Two years later, Cody Jade arrived, though work at the townhouse was still ongoing. Finally, in July 2018, the family of four moved into the house and a wedding was planned. “We were finally all in a place where a wedding felt right,” Ms. Muscio said.
On Sept. 7, 2019, the couple, their two children and their wedding party walked through the General Theological Seminary park in Chelsea, which leads into the back of the High Line Hotel, where the ceremony took place.
Guests included the groom’s parents, Janet Davis and Clive Davis, along with his siblings Fred Davis, Lauren Davis and Mitch Davis. Several musicians and artists were also in attendance, among them: Swizz Beatz, Lil Jon, Kandi Burruss, Mr. Brainwash, Todd Tucker, and Marjorie Gubelmann a.k.a. DJ Mad Marj. And there were music industry executives, including Ron Perry of Columbia Records, Monte Lipman of Republic Records, and Andrew Berkowitz of Warner Records.
While the couple signed a ketubah, guests collected on the back patio of the hotel before entering the events space, Hoffman Hall, and walked up to the third floor where the ceremony and dinner were held.
Mr. Davis walked himself down the aisle to “Here Comes the Sun” by the Beatles. His parents and siblings followed; then came the attendants; the bride and her father, Edward Muscio; and finally the couple’s children who tossed red petals from white baskets and stood beside their parents under a huppah.
The bride’s mother, Judith Muscio, watched her daughter marry from the first row.
“Something transformative happens when you exchange your vows in front of people,” said the officiant, Rabbi Angela Buchdahl. “Biblical wisdom says there is a time and a season for everything and those times and seasons are not going to be the same for every person or couple.”
For the bride and groom, it was nine years after meeting.
“It’s a wedding, but our vows are to each other, and to our children,” Ms. Muscio said. “It’s also celebrating life and what we built over the past five years.”
After the seven blessings were given, vows, rings and promises to each other had been exchanged, guests headed for the reception.

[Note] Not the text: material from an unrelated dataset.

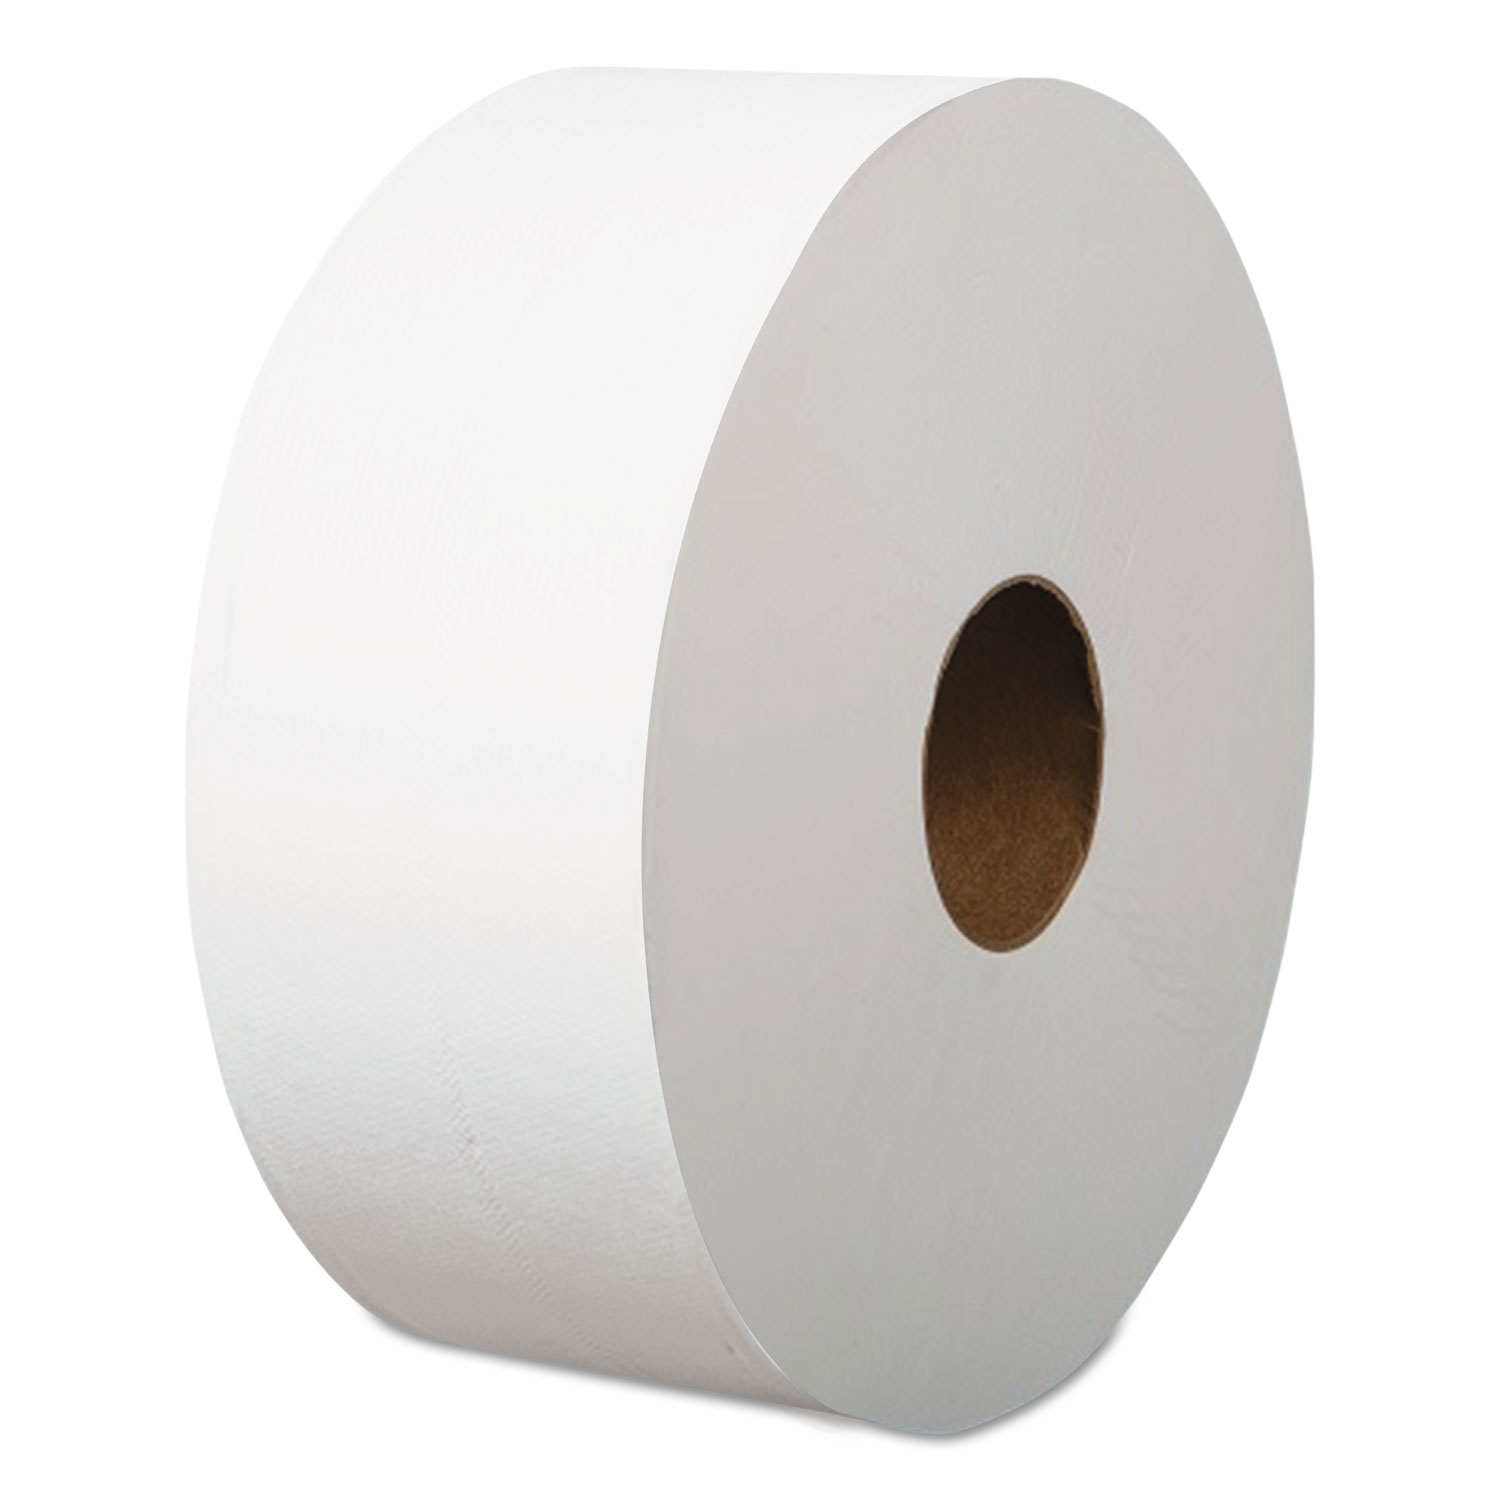 Jumbo Roll Bathroom Tissue, 1-Ply, White, 3.4 x 1200 ft, 12 Rolls/Carton

The couple entered the room as husband and wife and then danced to “Come and Get Your Love” by Redbone.
“This is a wonderful, happy, emotional experience,” Clive Davis said. “I view them as a committed family. There’s no prescribed way to do things. It’s whatever works for them.”
The groom, after all the twists and turns of their eventful journey together, had nothing but smiles as he looked toward the bride.
“I get to call her my wife without a slight, awkward pause to compose myself as to what she is,” he said after the ceremony. “That’s freeing and fills me with pride.”
On This Day
When Sept. 7, 2019
Where The High Line Hotel, New York
Wedding Invitations “We created something to let guests know this wedding would be different from the traditional wedding,” Mr. Davis said. “The invite is a New York City map telling the story of us, highlighting 18 of the important moments of the Davis family.” Spots included Mount Sinai Hospital, where the children were born, and ABC Kitchen, where the couple had their first date.
Dedicating Every Day “Dear Theodosia,” a song from the Broadway musical “Hamilton” was played for the Davises’ children. “They’re the reason this ceremony is so meaningful,” the bride said. “We wanted them to know they’re not spectators, this wedding is for all of us.”
Romancing the Rap Members of Freestyle Love Supreme, an improv, freestyle hip-hop review, performed spontaneous raps that involved the couple’s participation. The group was created 15 years ago by Thomas Kail, Lin-Manuel Miranda and Anthony Veneziale, and its self-titled show recently opened at the Booth Theater on Broadway. Guests called out words relevant to the couple’s love story and personality, which were then incorporated into songs.
And More Rap After the cutting of the cake, the crowd was treated to a surprise when Lil Jon took the microphone and rapped “Turn Down for What,” alongside the DJ Mad Marj.